The larger issue, though, is that “Modern civilization would be lost without PNT.”  But, yes, we over-rely on GPS so much it is almost the same thing.

Also when the author says “A failure of all GNSS constellations at once is improbable,” we think it obscures two points.

First, GPS was first to market and has, by far, the broadest adoption. So, while more and more systems are leveraging multiple constellations, GPS and an interruption thereof, will continue to have a much larger impact than other systems. So the biggest threat by far is a GPS outage.

Second, simultaneous attacks on some GNSS constellations with suspended service from others is much less improbable.  The US and Europe are MUCH more dependent on GNSS than China and Russia. Global tensions escalate, China and Russia shutdown Bei Dou and GLONASS and their homelands fall back on their terrestrial eLoran, Chayka, and other terrestrial PNT services. At the same time GPS and Galileo are physically attacked in space, or services are disrupted by wide spread jamming.

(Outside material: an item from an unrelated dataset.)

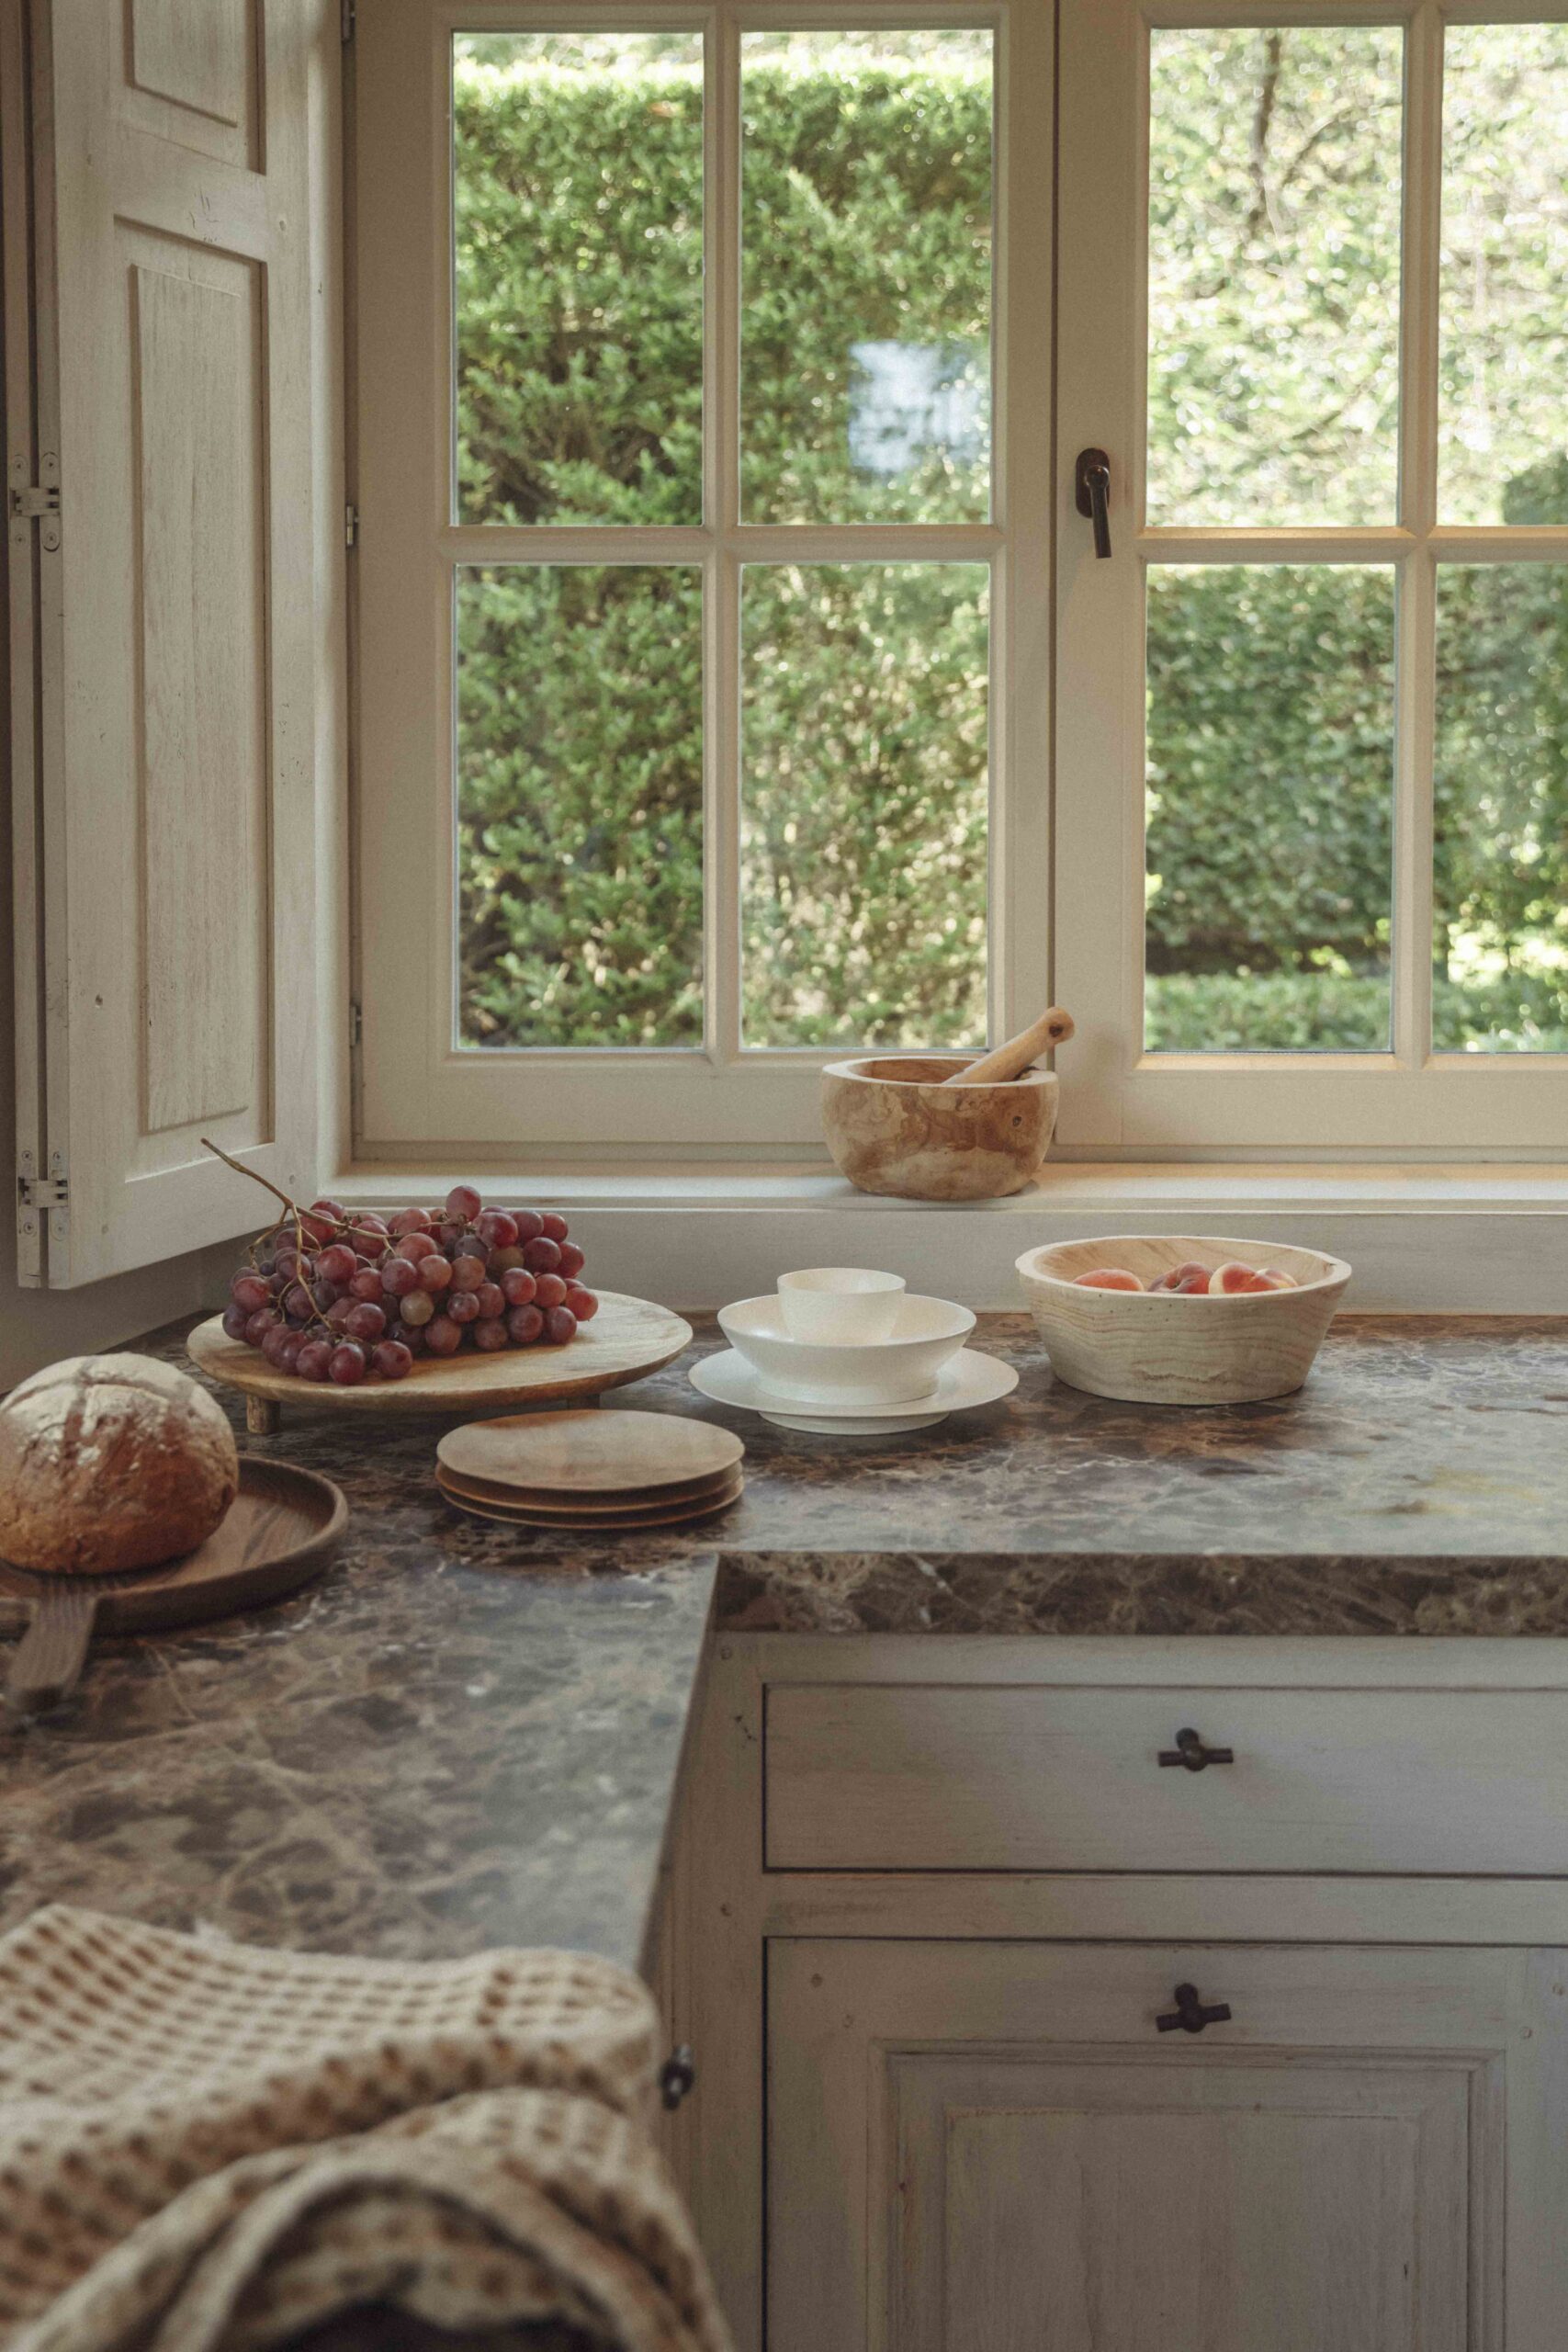 Rustic kitchen with grapes, bread, peaches, and dishes on a marble counter by a window with greenery outside.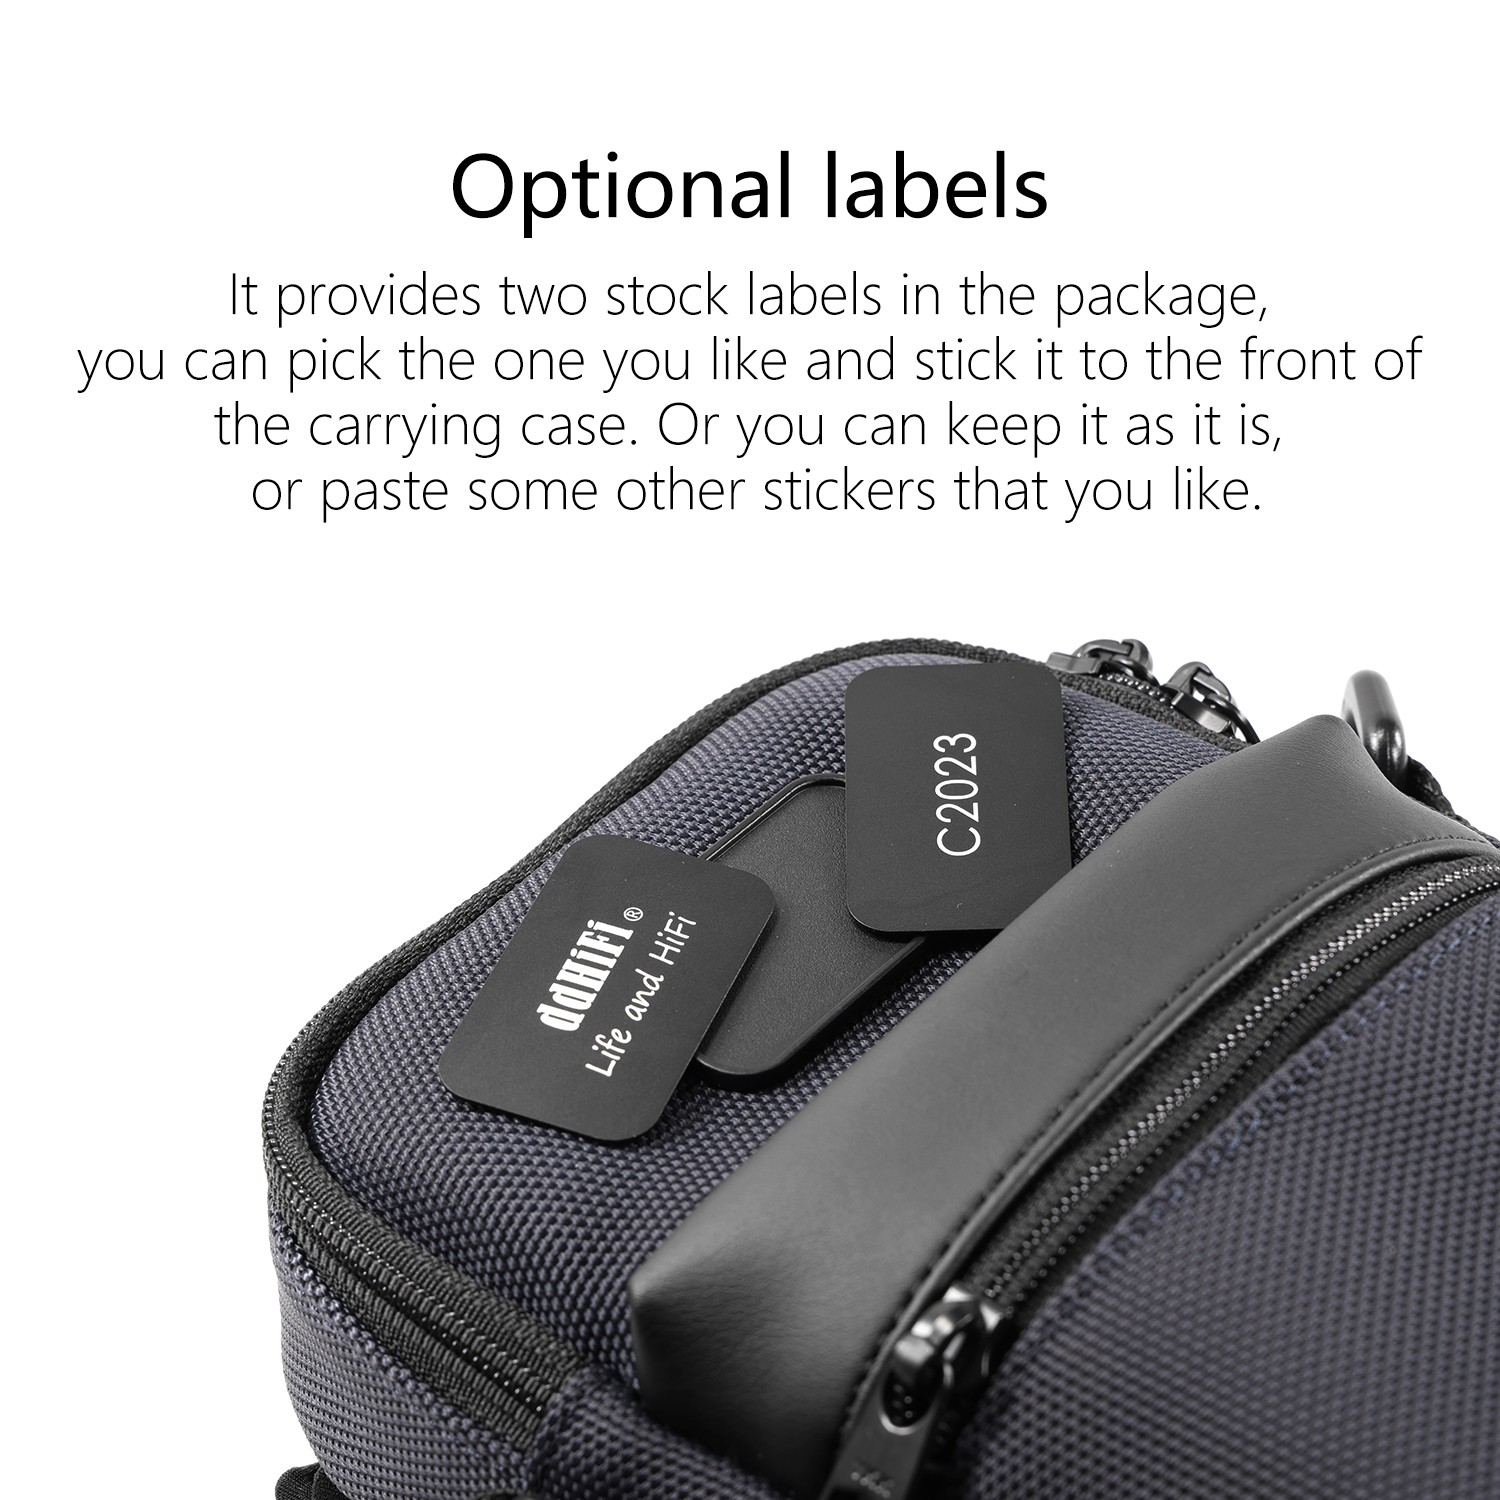 DD ddHiFi C2023 optional labels for carrying case

Far fetched?  If we here at the RNTF blog can think in up, why wouldn’t others? Certainly the kind of thing we have heard about in public statements from members of the Senate Select Committee on Intelligence and from think tanks.

And why some policy analysts have said that the US having a terrestrial complement and backup will not only protect GPS by making it a less attractive target, but also contribute to a more stable and safer world.

Otherwise, the article is a good overview.

 

Modern civilization would be lost without GPS

by  — 

Aircraft, cars, trucks, trains and ships rely on GPS for location data, while GPS timing signals underpin cellular communications and financial transactions.

A 2019 report sponsored by the National Institute of Standards and Technology estimated the loss of GPS would cost the U.S. economy $1 billion a day, or $1.5 billion if the technology failed in the April-May planting season for farmers. Two years later, the costs could be even higher with the sharp rise in consumer solutions and location-based rideshare and delivery services.

“Positioning, navigation and timing signals are important to so many stakeholders and for so many different applications that a disruption in these signals would likely be more economically significant today,” Alan O’Connor, senior economist and director of innovation economics at RTI International, the nonprofit research institute that prepared the 2019 report, said by email.